Car Bomb Kills Politician, Four Others In Lebanon Blast (VIDEO)

A prominent pro-Western politician and four other people were killed in a powerful car bomb which exploded through a business district in the center of the Lebanese capital on Friday, the Associated Press reported.

Driving through central Beirut, former finance minister and a senior aide to former Prime Minister Saad Hariri, Mohammed Chatah was targeted by the bomb, security officials said.

Chatah, 62, a Sunni Muslim, was also a critic of Lebanon's Shiite Hezbollah movement. His death occurred three weeks before the long-delayed opening of a trial of five Hezbollah suspects indicted for the February 2005 bombing which killed former Prime Minister Rafik al-Hariri, Saad's father, and 21 other people, the AP reported.

A tweet posted on his Twitter account less than an hour before the blast accused the Shiite movement of trying to take control of the country.

"Hezbollah is pressing hard to be granted similar powers in security and foreign policy matters that Syria exercised in Lebanon for 15 years," the tweet read.

Hariri heads the main, Western-backed coalition in Lebanon, which is engaged in bitter feuding with the militant Hezbollah group, which is allied to Syrian President Bashar Assad. Several recent bombings have targeted senior Hezbollah figures or districts where the Shiite group dominates, according to the AP.

Chatah and his driver were killed along with three other people, confirmed the National News Agency. According to the Health Ministry, more than 70 people were wounded.

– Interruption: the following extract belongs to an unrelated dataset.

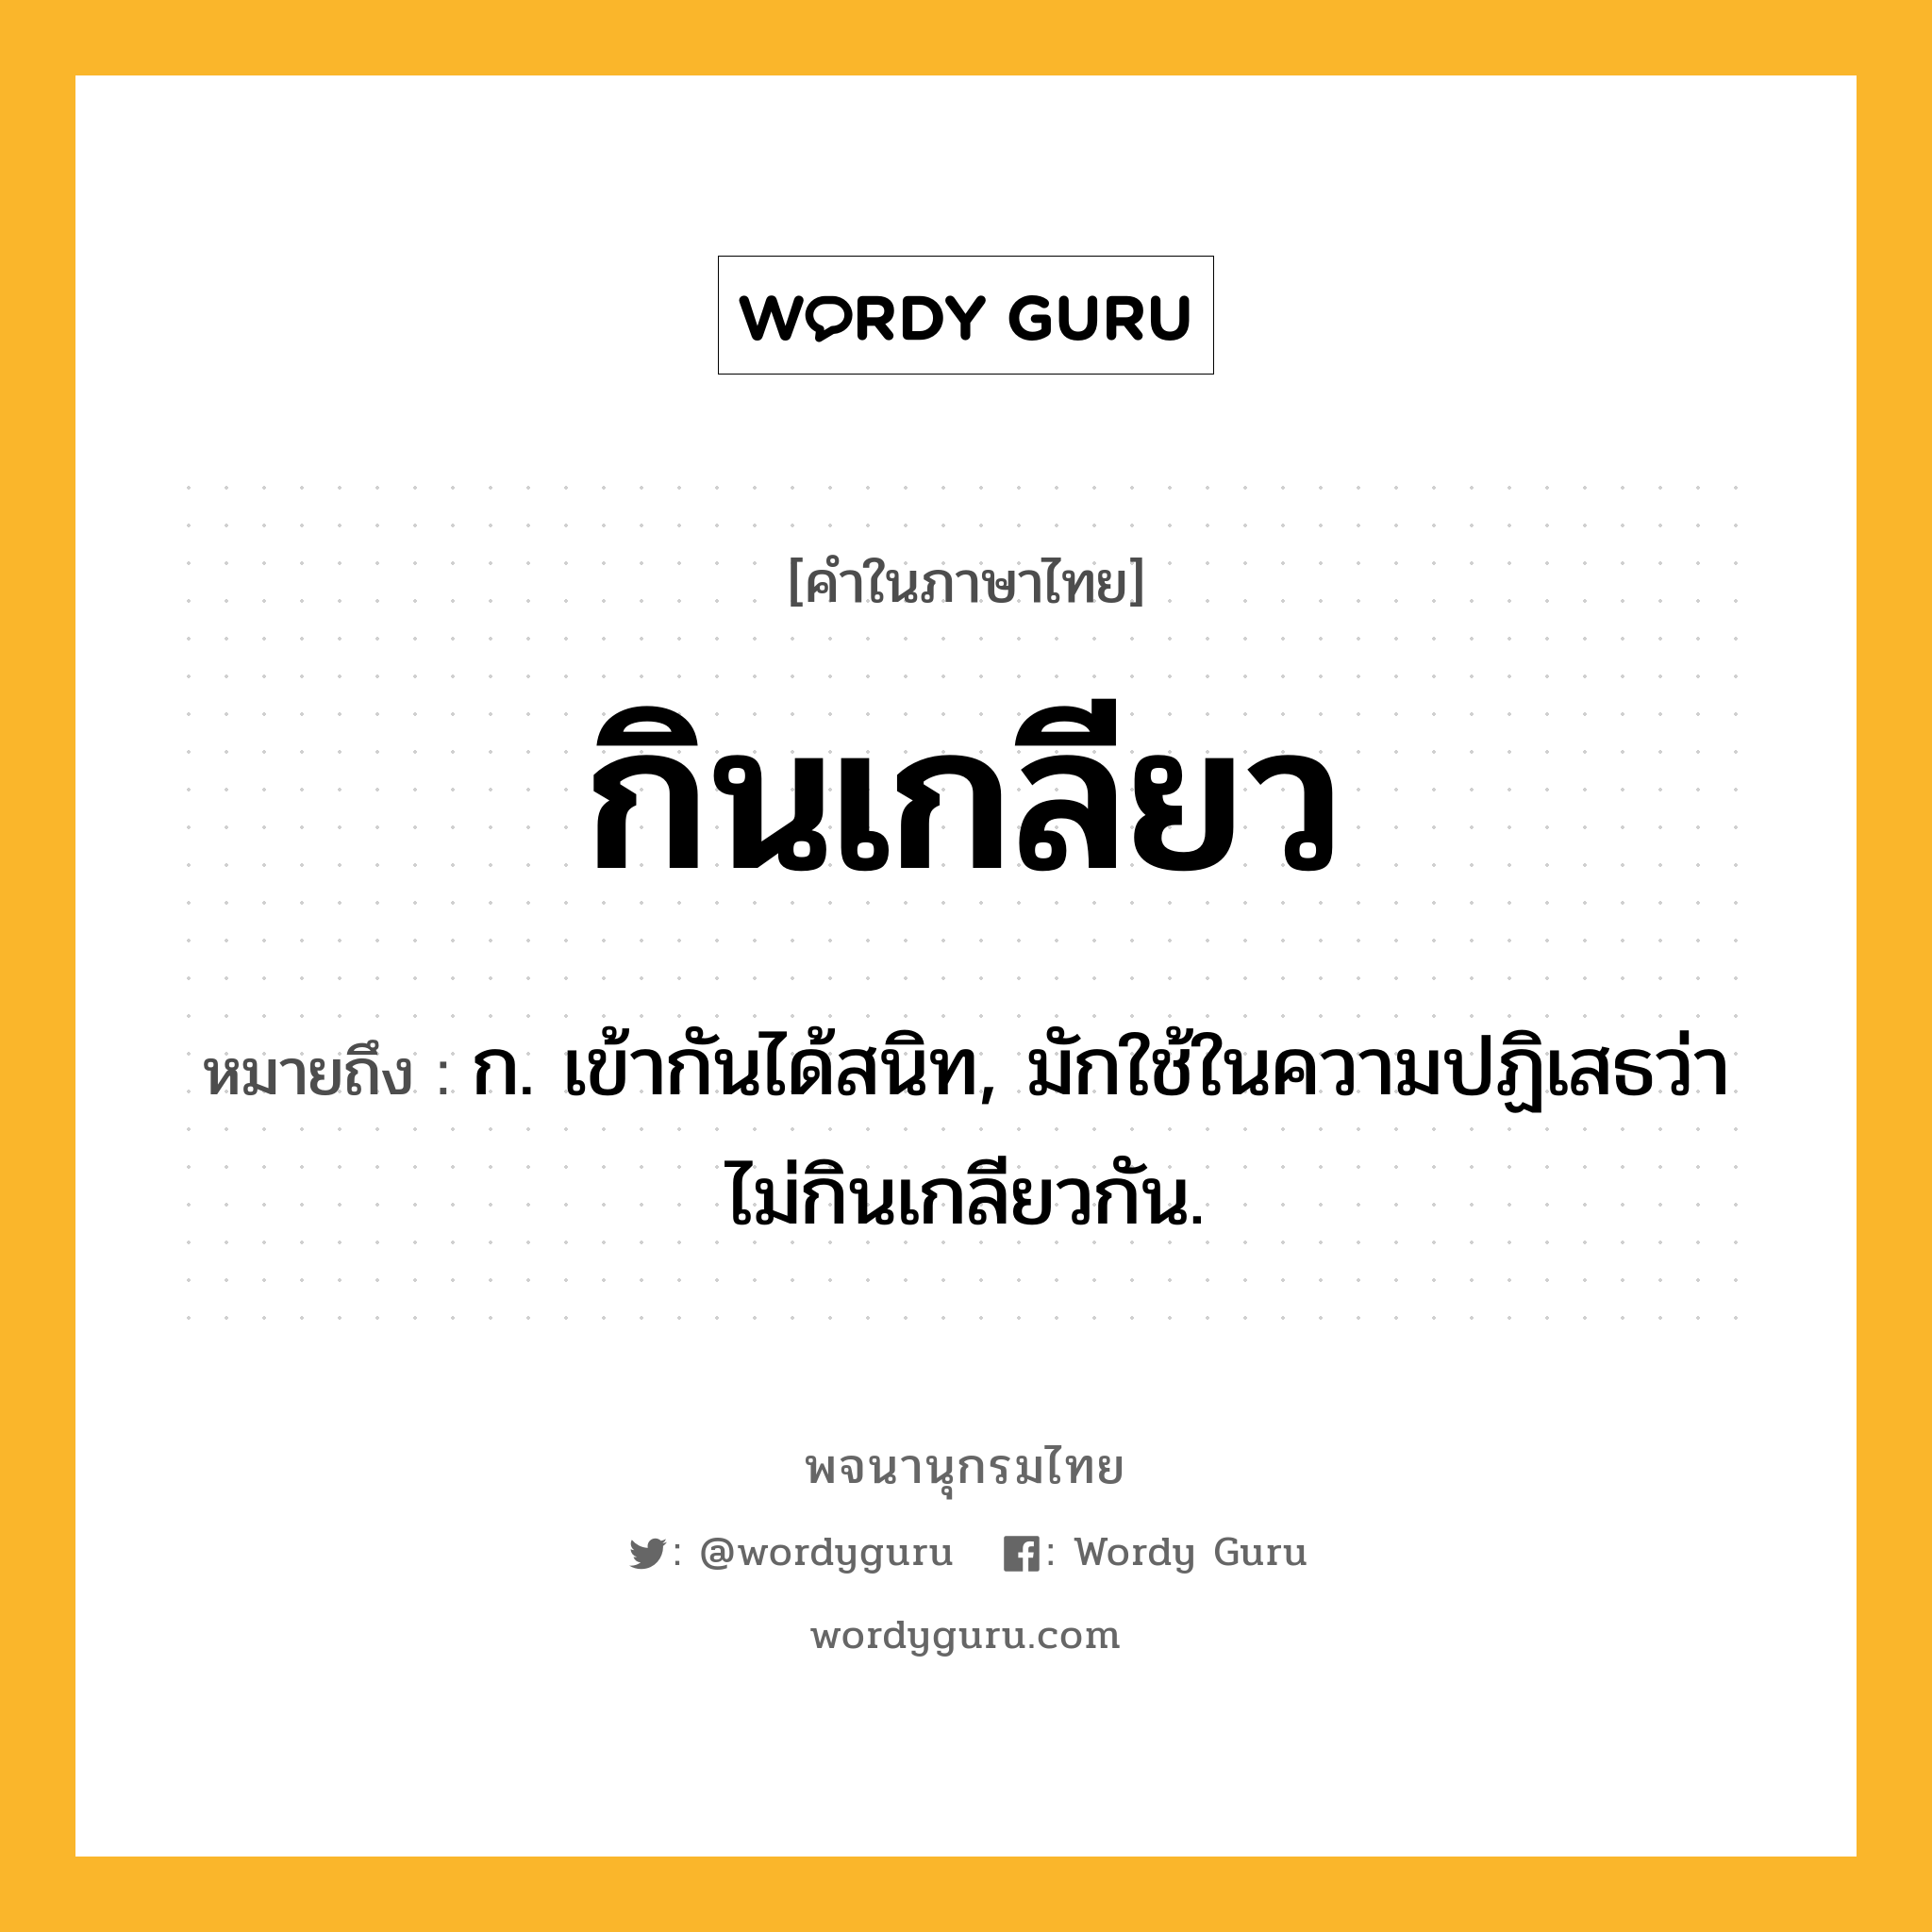 กินเกลียว หมายถึงอะไร?, คำในภาษาไทย กินเกลียว หมายถึง ก. เข้ากันได้สนิท, มักใช้ในความปฏิเสธว่า ไม่กินเกลียวกัน.

But no confirmation was made on whether the explosion was a result of a car bomb.

As tensions grow over Syria's civil war, the past months have seen a wave of bombings in Lebanon. After the Friday morning blast, the city saw thick black smoke billowing in the post downtown commercial district behind the government headquarters and above the seafront of the Lebanese capital.

People were moved away from the affected area by the army, where the twisted wreckage of several cars was still smoldering, the AP reported. Speaking on conditions of anonymity, security officials said the bomb exploded as Chatah was on his way to a meeting at Hariri's downtown residence.

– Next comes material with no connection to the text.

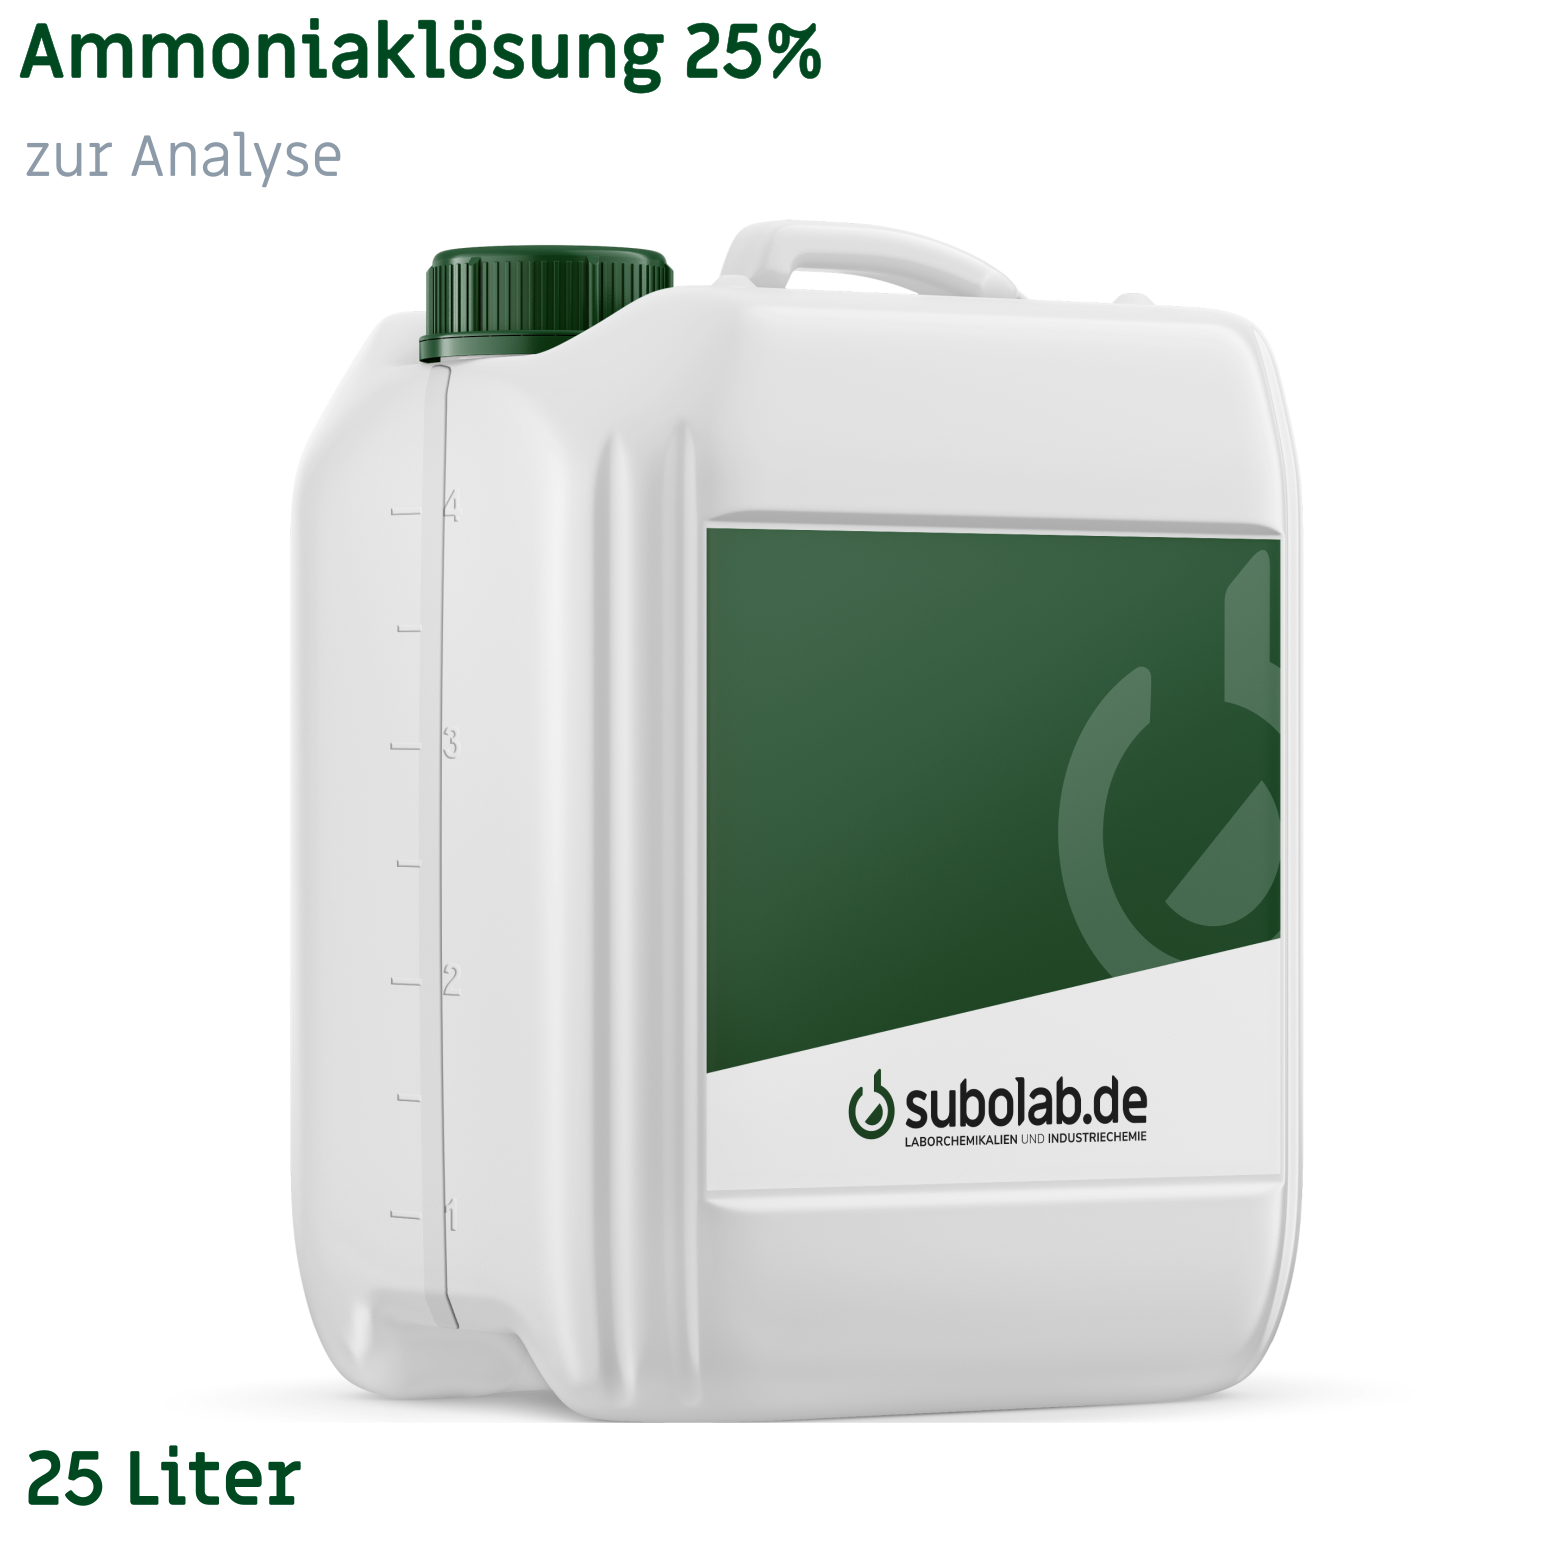 Bild von Ammoniaklösung 25% zur Analyse (25 Liter)

The Syrian war has raised tensions in Lebanon's Sunni and Shiite communities as each side lines up in support of their brethren in the conflict next door, the AP reported.

Still recovering from its 15-year civil war that ended in 1990, Lebanon is on the brink of descending into full-blown sectarian violence. Former minister Marwan Hamadeh, who survived a car bombing in 2004, told Al Arabiya television, "Hezbollah will not be able to rule Lebanon, no matter how much destruction it causes or blood it spills."

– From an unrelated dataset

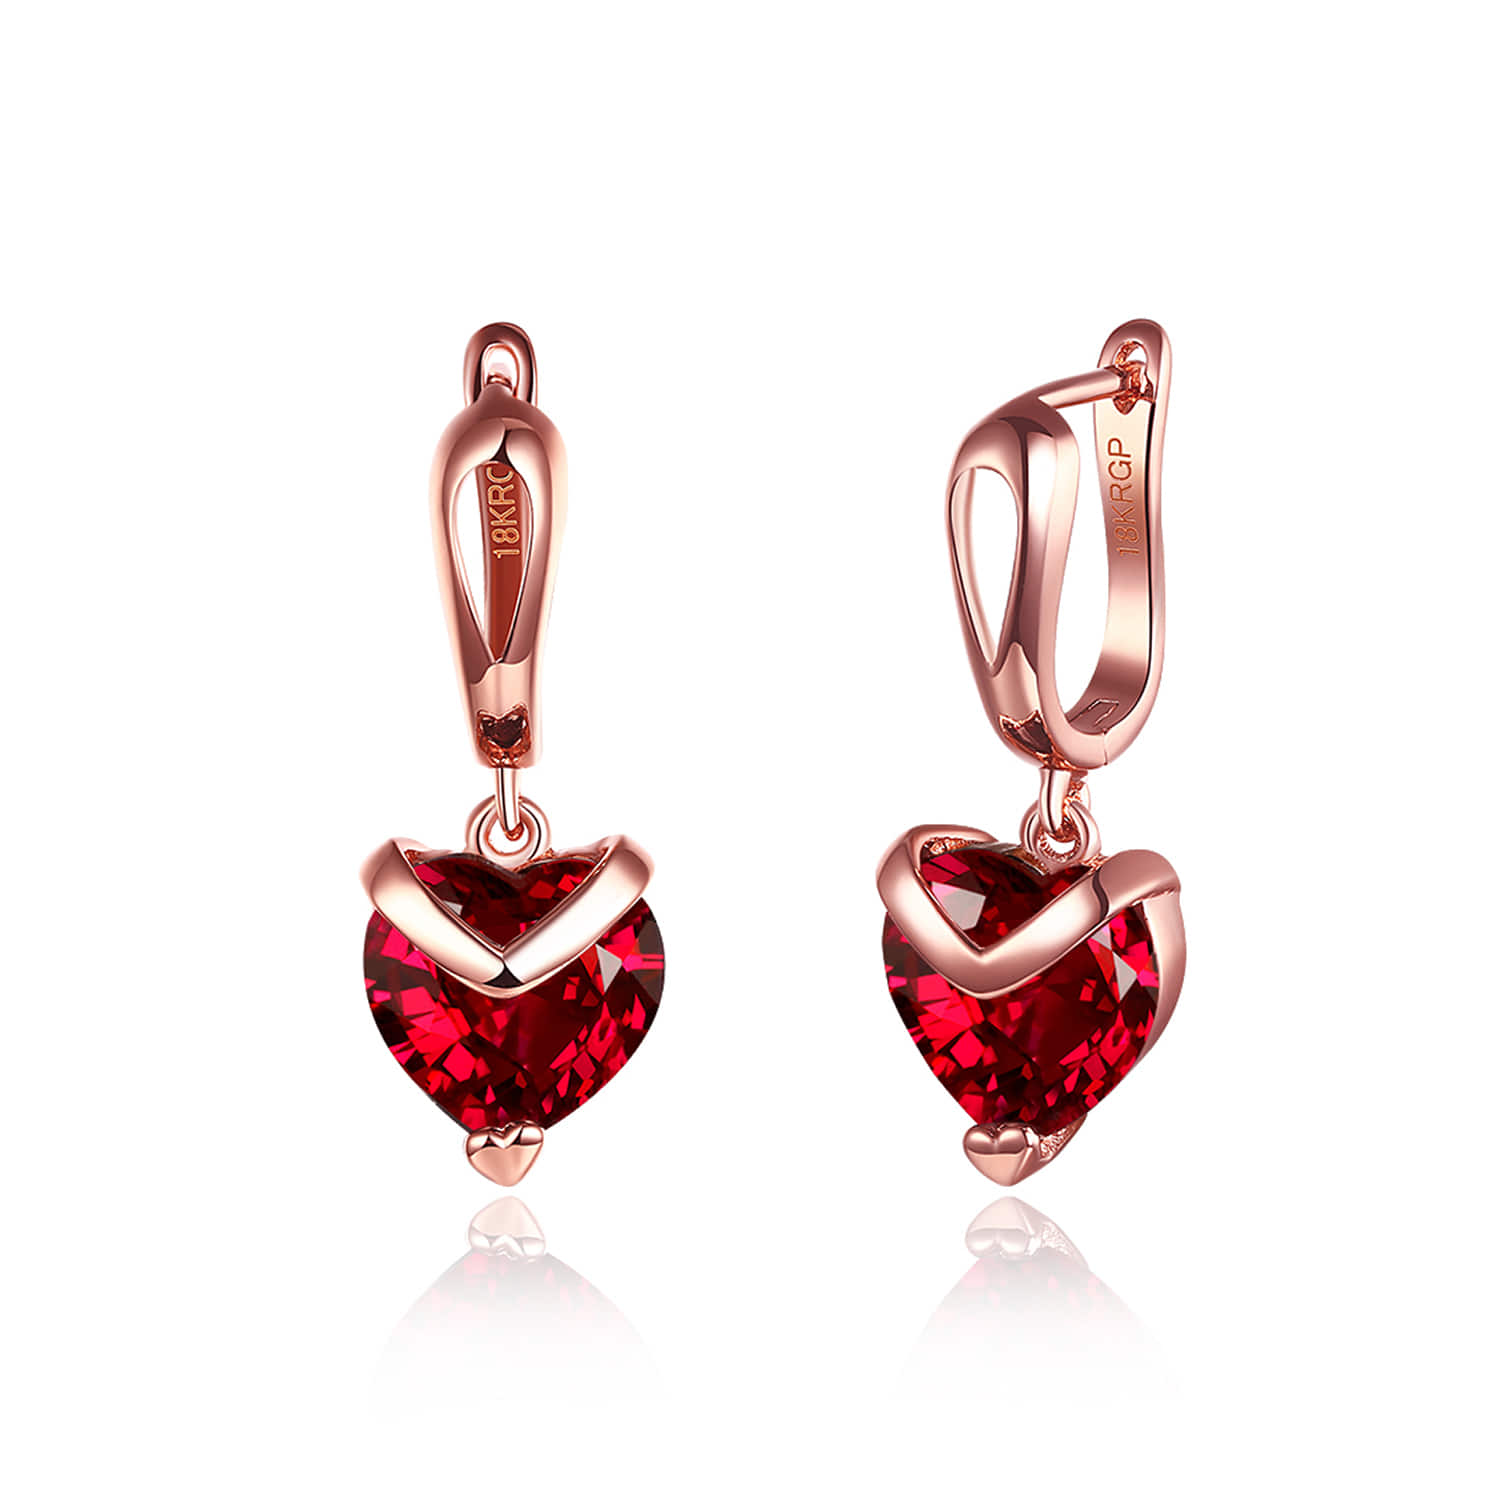 Golden Heart Drop Earrings | Red heart earrings, Earring trends, Heart drop  earrings

Chatah, a prominent economist and former ambassador to the U.S., was one of the closest aides to former Prime Minister Rafik Hariri, who was killed in a truck bombing in Beirut in 2005, not far from Friday's explosion.

He later became finance minister when Hariri's son, Saad, took over the premiership, and stayed on as his senior adviser after he lost the post in early 2011, the AP reported.